I don’t know what to make of Tom Batiuk’s fantasy publishing world. In a way, it’s quite impressive in its scope and detail, but it makes me wonder why he doesn’t apply some of that creativity over here, in the strip that puts bread on the table. Wouldn’t that be something? Imagine reading posts on this site telling how much we liked the episode of the day. As it is, Funky Winkerbean comes across as an afterthought–as Gerald and others have pointed out, no one who only reads the strip would have any of the Batom Books details provided in the blog posts, which robs these flashback strips of rather most of their impact. Not that it would really make much to people not obsessed with silver age DC comics, but still, some context is always nice.
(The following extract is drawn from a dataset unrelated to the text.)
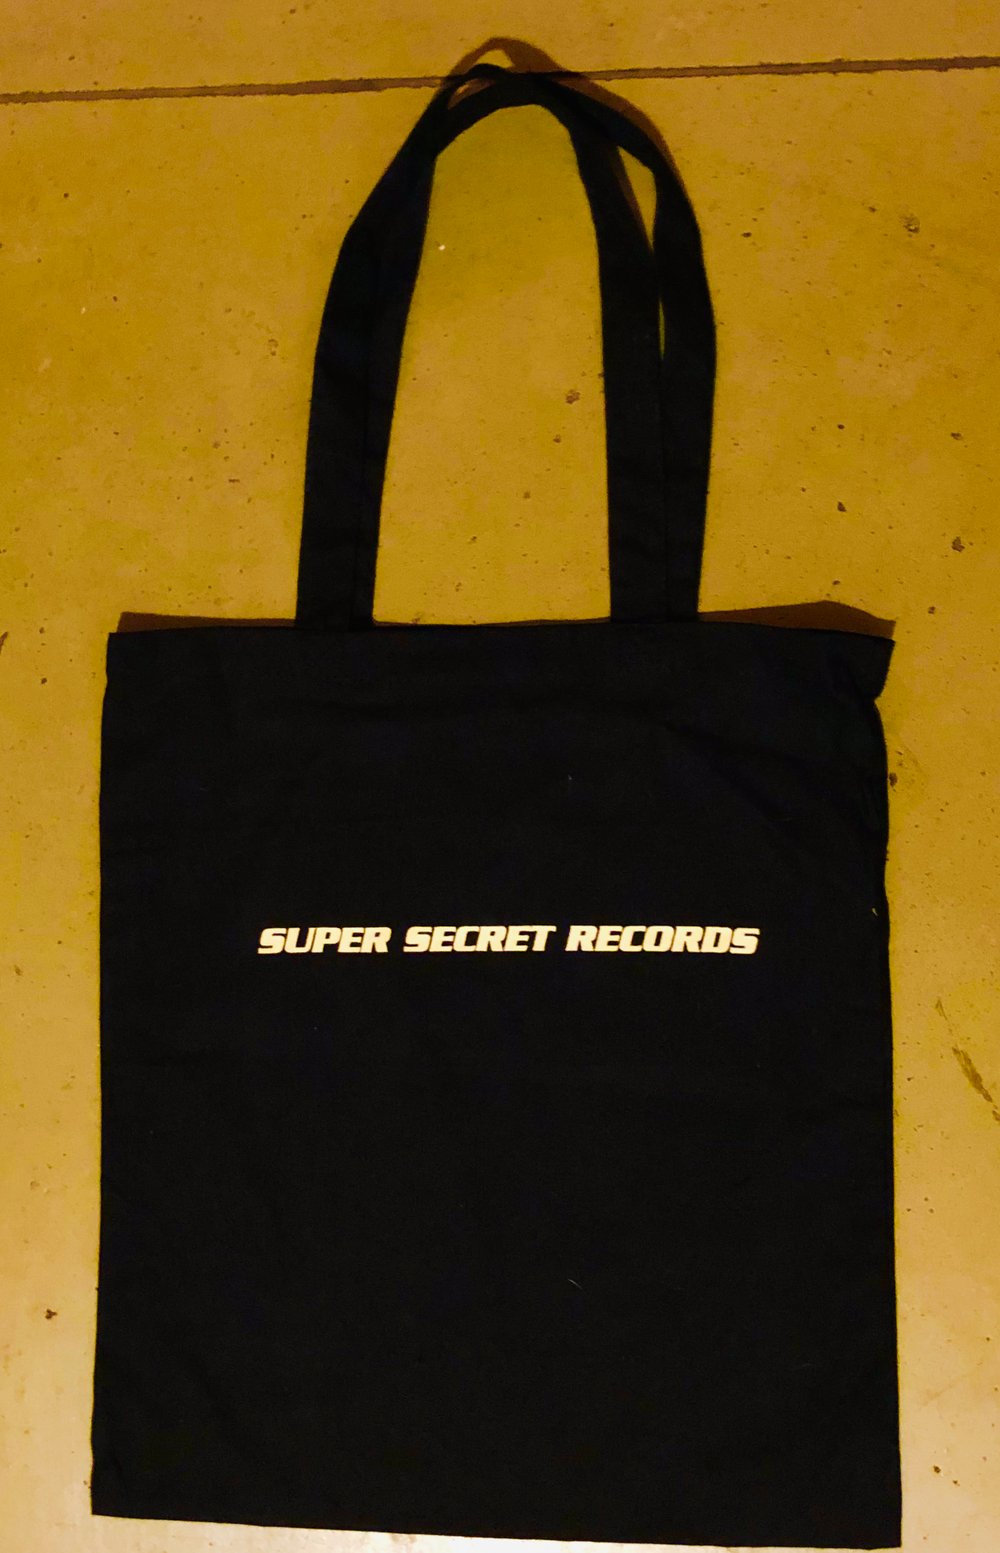 New! Super Secret Records vinyl tote bag

Without any of that, reading about some guy’s fantasy comic-book publishing world is like listening to a really boring person at a party. You suddenly realize you’ve heard nothing he’s said for at least five minutes, and you start to worry he’ll ask you a question and you won’t have any idea how to respond. And your drink is almost full–can’t use “Going to get a refill!” as an excuse. Maybe plead for a bathroom break? Give it a shot. You can hide in the den…and read old comic books.
Heh heh heh.
Today’s “contemporary issue affecting young adults”? The high rate of turnover among comic book artists. I wonder if the artist is “leaving the book” because he’s sick of having to work with the deadline-averse Pete Robertini? In any event, it seems that Batiuk just realized that Crazy Harry, though he may look like it now, was not born in the 1940’s, and has updated young Harold’s appearance (compare with this strip from 2010).